Lambrusco Dop e Igp, passo deciso della Regione: Viadana e Sabbioneta interessate
Il consiglio regionale della Lombardia ha approvato nelle scorse ora una risoluzione del Movimento 5 Stelle, con Giampiero Maccabiani come principale relatore, perché questo vino, il Lambrusco appunto, venga tutelato nell’etichettatura.
MILANO – Nelle ore in cui la Francia chiede l’etichettatura di provenienza sul latte, e Coldiretti Cremona col presidente Paolo Voltini auspica che anche l’Italia presto faccia lo stesso per tutelare la qualità nostrana, ecco che un’altra eccellenza delle nostre terre si guadagna una chance in più sul mercato.

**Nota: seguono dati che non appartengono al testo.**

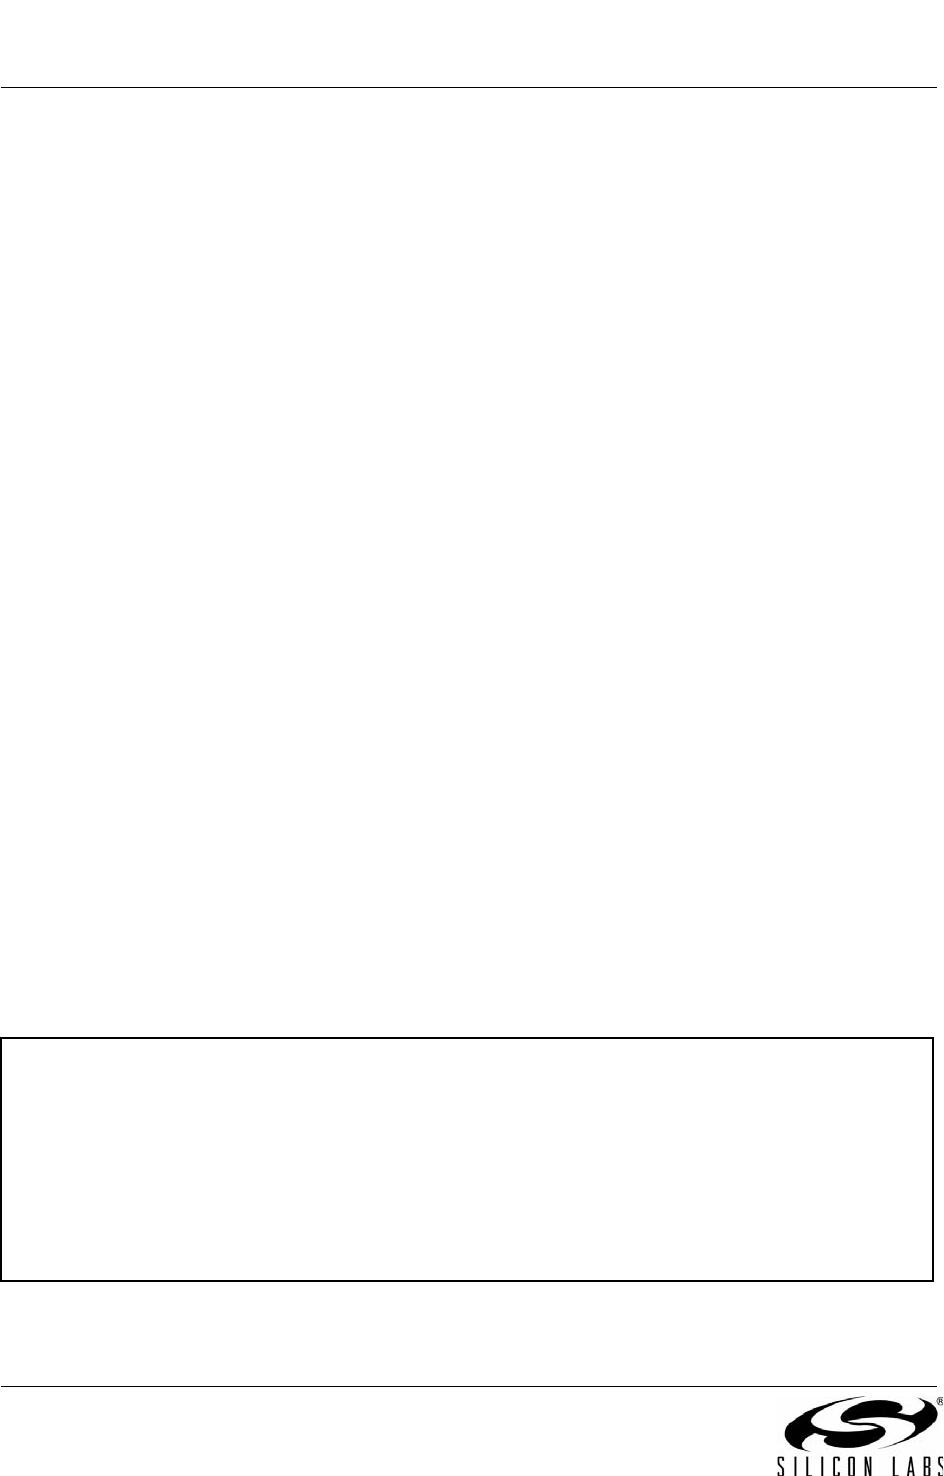 WWW_TX538_COM_si102x pdf下载及第538页内容在线浏览

Parliamo del Lambrusco, un vino che in verità non è essenzialmente cremonese, ma trova le proprie radici nel territorio a cavallo tra Lombardia ed Emilia Romagna e dunque in quella zona di confine come il comprensorio Oglio Po, oltre che naturalmente nella provincia virgiliana. Il Lambrusco Mantovano Dop, giusto per fare il nome di uno dei prodotti interessati dalla novità che a breve sveleremo, viene prodotto in un’area geograficamente non vicinissima al Casalasco – si pensi ai comuni di San Benedetto Po, Revere o Poggio Rusco – che però arriva a coinvolgere anche Viadana e Sabbioneta, che invece con Casalmaggiore e la zona a sud-est della nostra provincia sono decisamente legati da storia, tradizioni e cultura al di là dei meri confini politici.

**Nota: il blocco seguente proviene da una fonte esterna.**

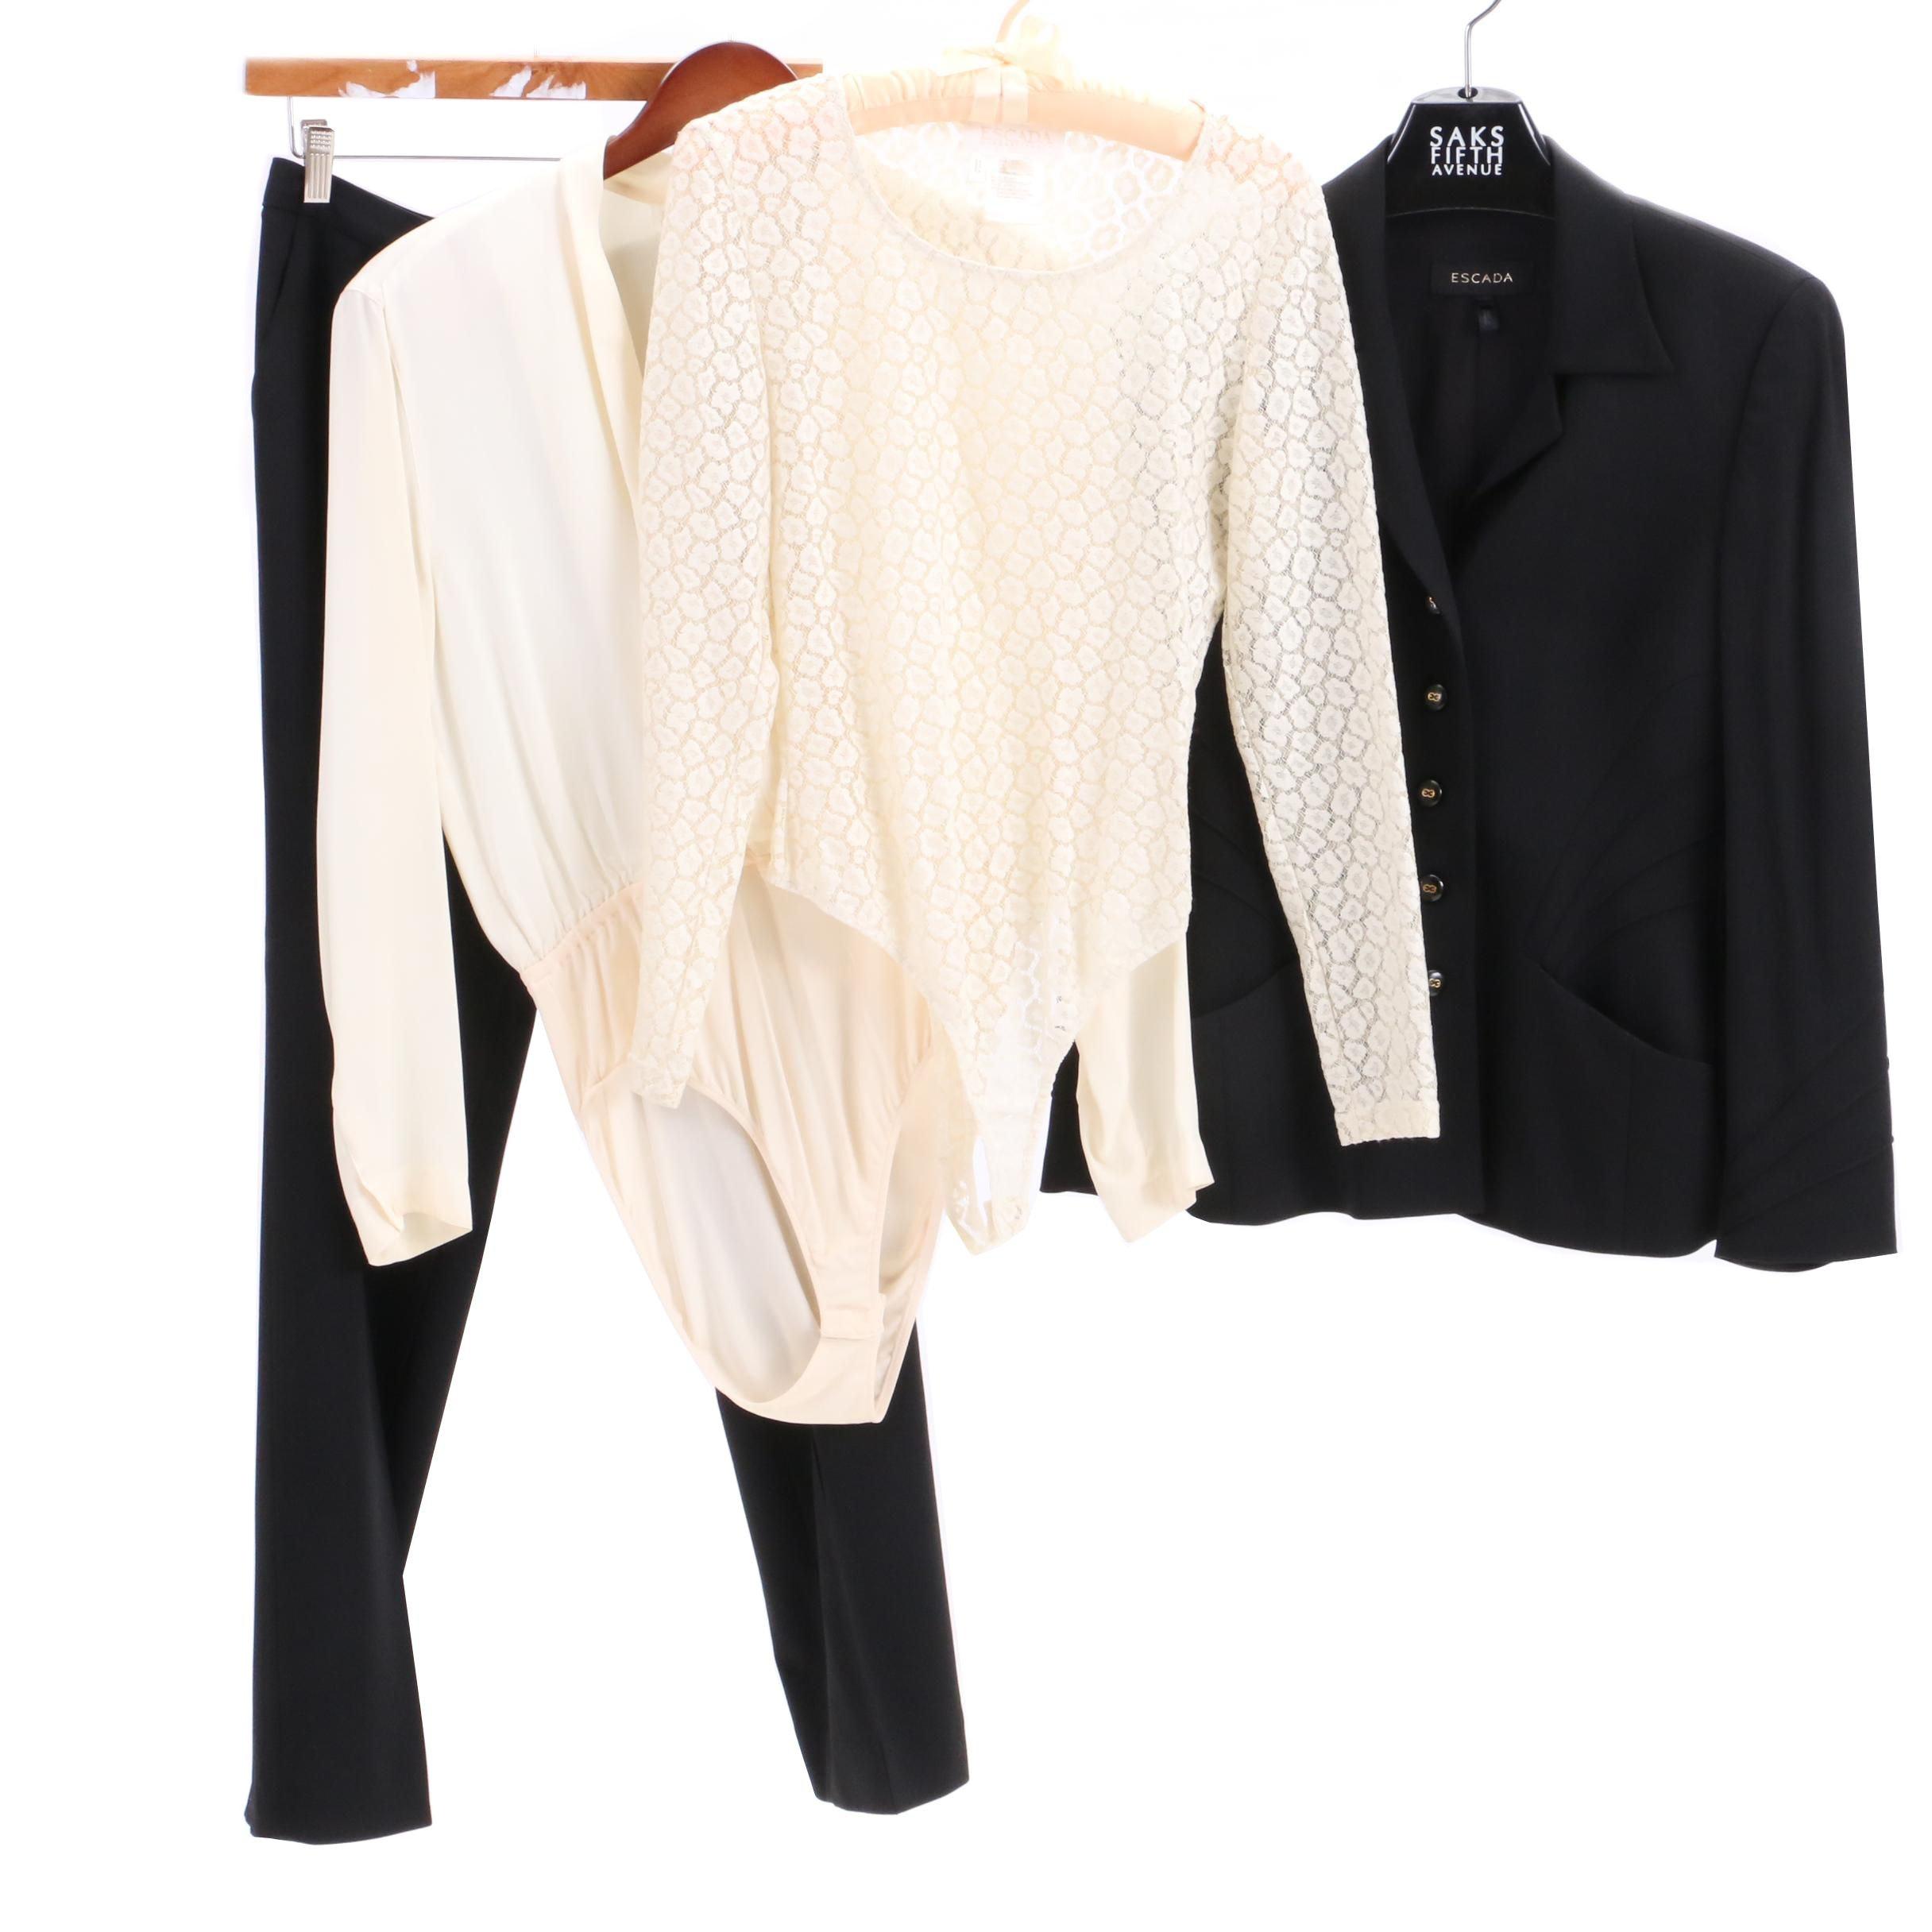 Escada Black Wool Blend Pantsuit with Bodysuits

Ora, eccovi la novità della quale siamo in debito: il consiglio regionale della Lombardia ha approvato nelle scorse ora una risoluzione del Movimento 5 Stelle, con Giampiero Maccabiani come principale relatore, perché questo vino, il Lambrusco appunto, venga tutelato nell’etichettatura sia come vino a Denominazione di Origine Protetta che come vino a Indicazione Geografica Protetta. In soldoni, la giunta regionale deve essere attenta affinché il nome Lambrusco non venga più macchiato e utilizzato senza merito, per così dire, o in modo improprio da aziende che col vero lambrusco non hanno nulla a che vedere. 180 milioni di bottiglie e 570 milioni di euro stimati sul mercato, da tutelare anche nella via dell’export, che tocca il 63% della produzione.

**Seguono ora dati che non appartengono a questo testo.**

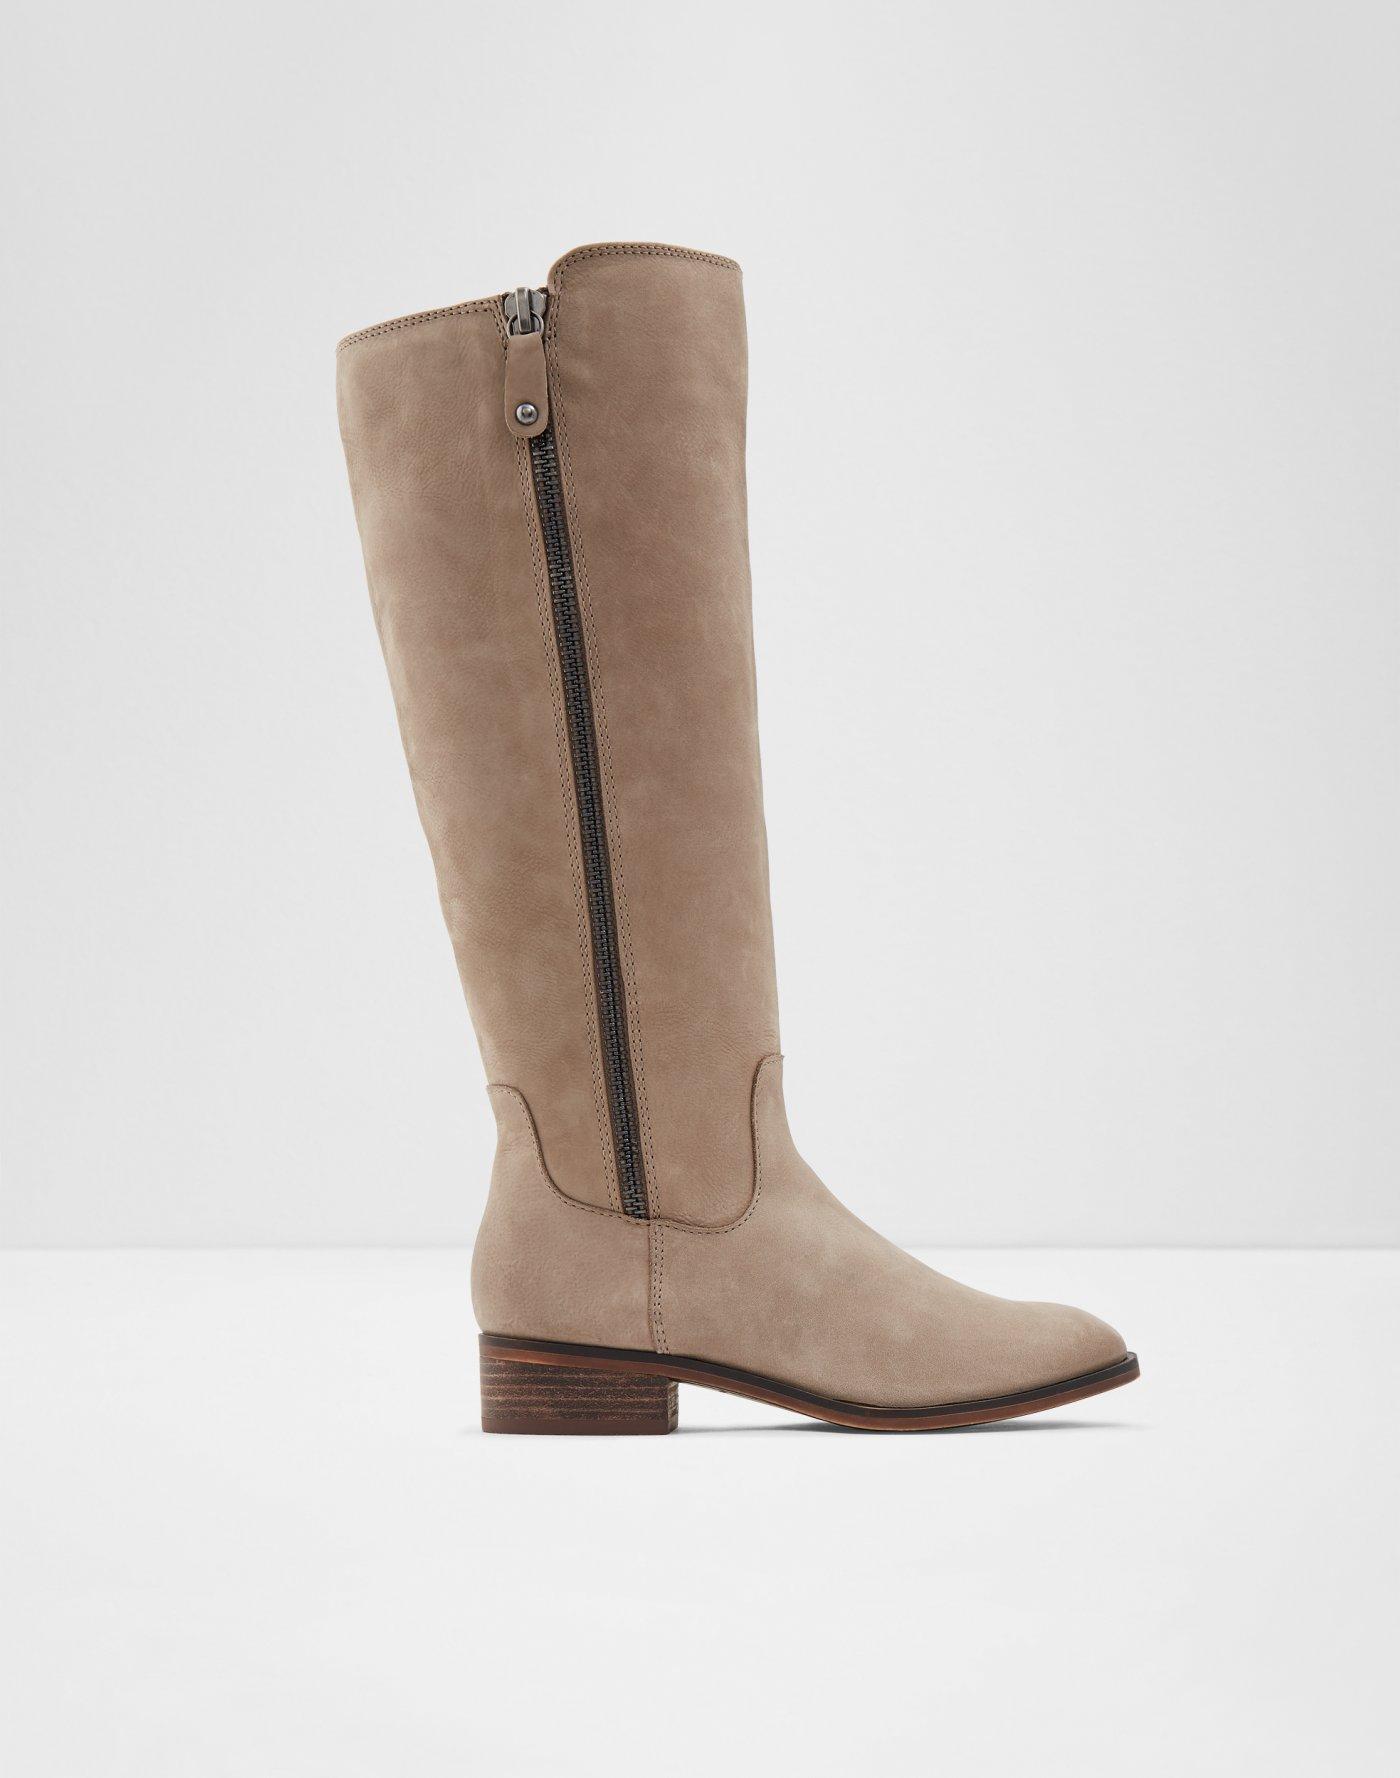 79daf1ba5 Knee-high boots

No alla liberalizzazione selvaggia del nome Lambrusco, insomma, e il dato da evidenziare è che la risoluzione regionale è passata all’unanimità: non un successo politico di un solo gruppo, dunque ma, pur riconoscendo il merito dei 5 Stelle, che hanno sollevato il problema, uno scudo compatto e senza bandiere e cappelli. Dall’Unione Europea, intanto, qualche sentore positivo è già arrivato: manca però il nero su bianco, ossia un accordo e un regolamento chiaro e soprattutto scritto. Per questo l’approvazione della risoluzione in Regione è un passo decisamente importante.